TORONTO -- Children and youth from across Canada gathered in Toronto on Tuesday for a forum on how to protect the rights of the country's youngest citizens, which included the release of a strategy for meeting those goals known as the Canadian Children's Charter.

"It's a plan by children for children," said Sara Austin, founder of Children First Canada, a non-profit advocacy organization that created the charter with input from thousands of children and adolescents over the last year.

The charter, which highlights issues affecting young people and sets out a roadmap for change, will be sent to all members of Parliament and the Senate, as well as to the UN Committee on the Rights of the Child.

As a signatory to the UN Convention on the Rights of the Child, Austin said Canada has a legal responsibility as well as a moral imperative to protect children's rights.

"Yet we know that far too many kids in Canada simply just don't enjoy the protection of their very basic human rights," she said. "We know there are eight million kids in Canada and one-third of them have experienced some form of child abuse, very significant forms of trauma that impact them now and for decades to come.

"We know that one in five kids are living in poverty, that one in five teens have considered suicide in the past year alone."

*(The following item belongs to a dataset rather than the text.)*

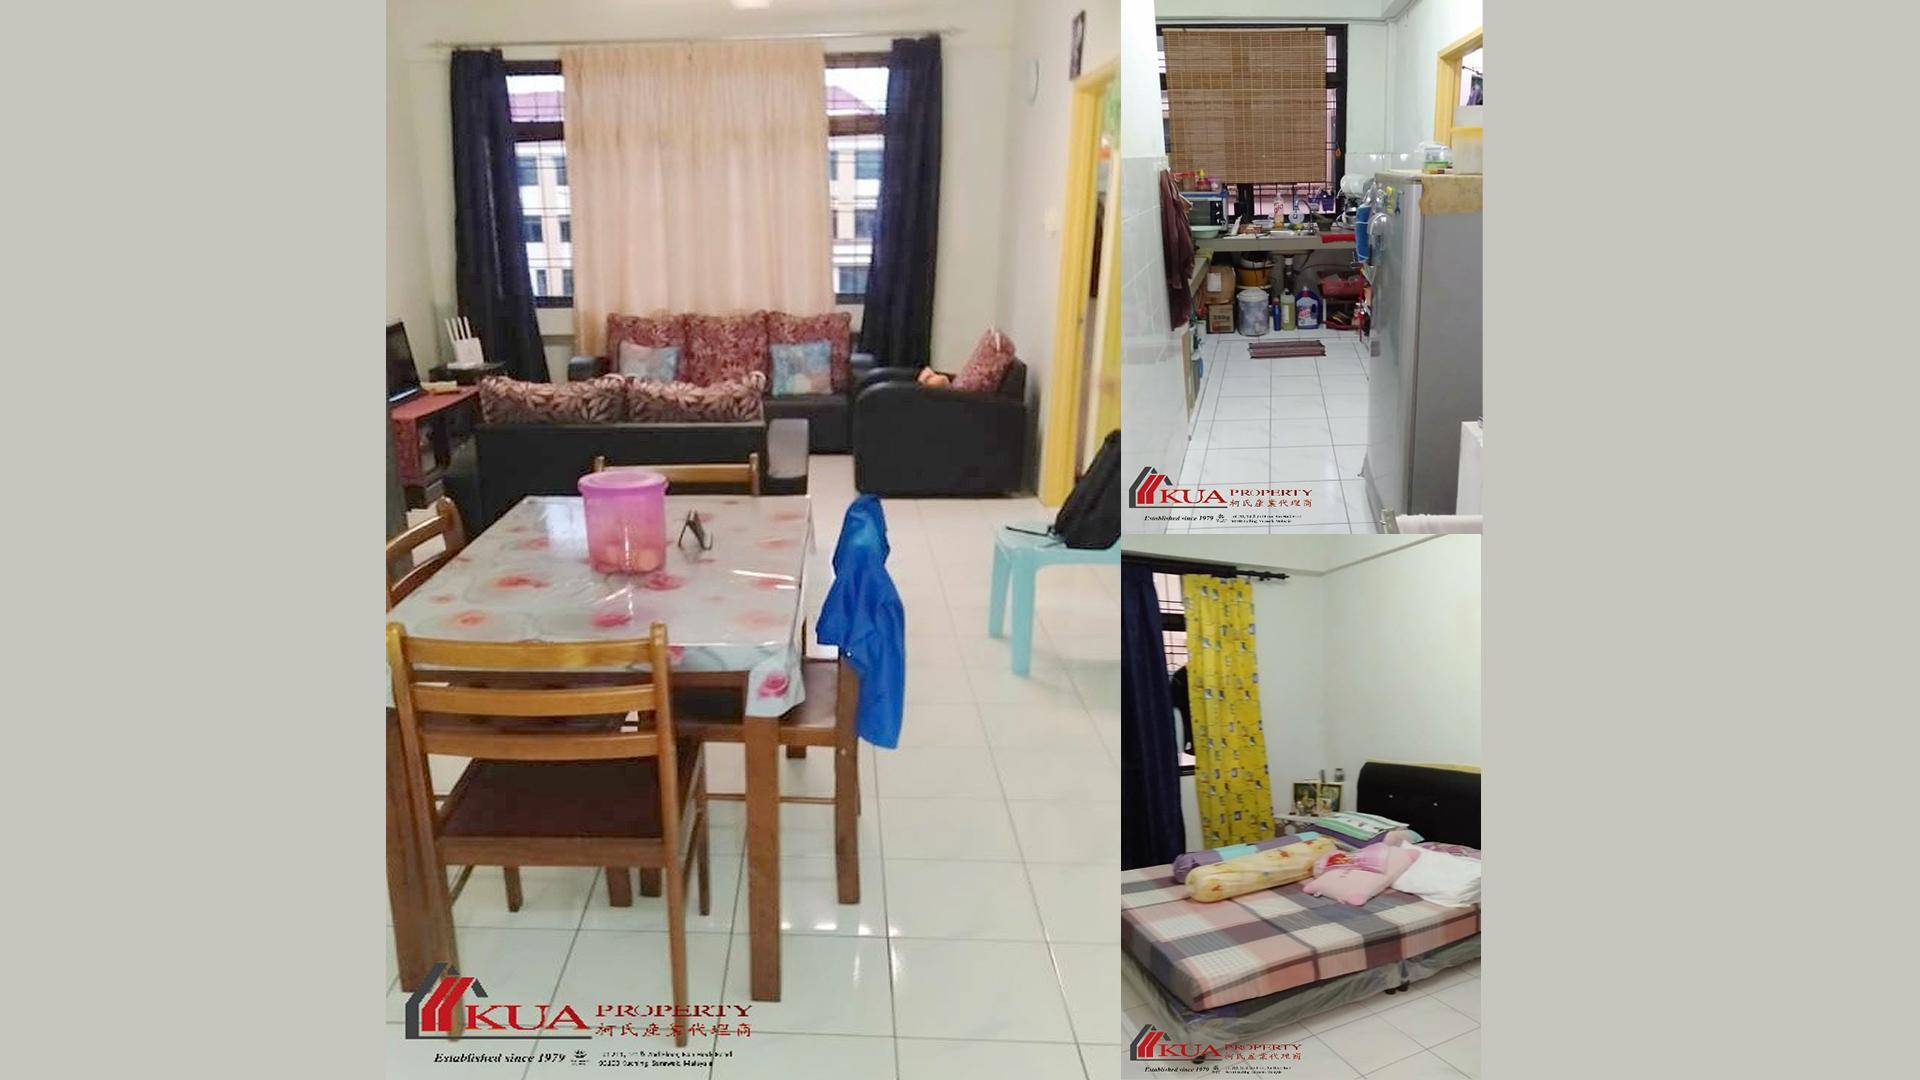 2nd Floor Apartment/Shophouse (Corner Unit) For Sale! Located at MJC, Batu Kawa, Kuching

Among the key topics dealt with in the charter is bullying, which Austin called a significant concern for children and youth.

"It certainly came up loud and clear in the consultations that we had with kids across the country," she said, explaining that her organization engaged young people through focus groups, in school and via online forums.

Survey-based research has shown that 15 per cent of Canadian children aged 11 to 15 reported being bullied at least twice in the previous month.

An economic analysis by Children First and the O'Brien Institute for Public Health at the University of Calgary, entitled Raising Canada, suggests the fallout from bullying costs the country $4 billion a year, based on its effects on children's mental health and later reduced productivity as adults.

"Bullying has been a phenomenon that children have experienced for generations, but it's taken on a new dimension through the age of the internet and social media, in particular," Austin said.

Indeed, bullying has been top of mind this week, given the arrest Monday of six students at a Toronto private boys' school over alleged incidents of assault and sexual assault.

Last week, St. Michael's College School expelled eight students and suspended another in connection with an alleged sexual assault in a locker room and another incident that police said involved hazing. Both incidents were captured on video.

Police sources have said the locker room incident involved a group of students pinning down another student and allegedly sexually assaulting him with a broom handle.

Describing the alleged incidents at St. Michael's as "tragic," Austin said they raise questions about what children are learning in their homes and at school.

"How do we work to combat the idea that this somehow was acceptable behaviour?" she said, stressing that children who are victimized need to know that they have the inherent worth and the right to be protected "from all forms of violence."

Eunice Yong of Ottawa, who was a youth host at Tuesday's forum, said she had a discussion with others attending about bullying, an experience "that's very much close to my heart."

"I myself was bullied quite a bit," she said of her years in elementary school, when she was picked on because of her weight.

"I can still hear the whispers of others," the 17-year-old, Grade 12 student said. "'Oh, she's a little bit on the larger size. She's kind of big. It's fun to pick on her."'

But she's come to believe it's not what a person looks like but who they are that matters -- a message she tries to impart to other young people.

"I emphasize to children that there is nothing that sets them apart except their uniqueness and their own personalities. We are all equals, so it doesn't matter about their religion, their ethnicity, their background, their sexuality.

"We're all the same."

Austin said the Children's Charter is meant to highlight the areas where young people's rights are not being protected and it calls on government, the private and charitable sectors, parents, educators and children themselves to work together to bring about change.

Among the issues highlighted in the document:

-- Ensuring children access to local health care, regardless of cost and free from discrimination.

-- Providing mental health education, services and treatment when needed, without stigma.

-- Ending bullying and providing protection from all forms of violence and abuse.

"Our kids are telling us they are struggling with a lot of issues, whether it's poverty, bullying, mental health issues or abuse," said Austin. "They created the charter with the hope that our government will use it as a roadmap to make Canada the best place in the world for kids to grow up."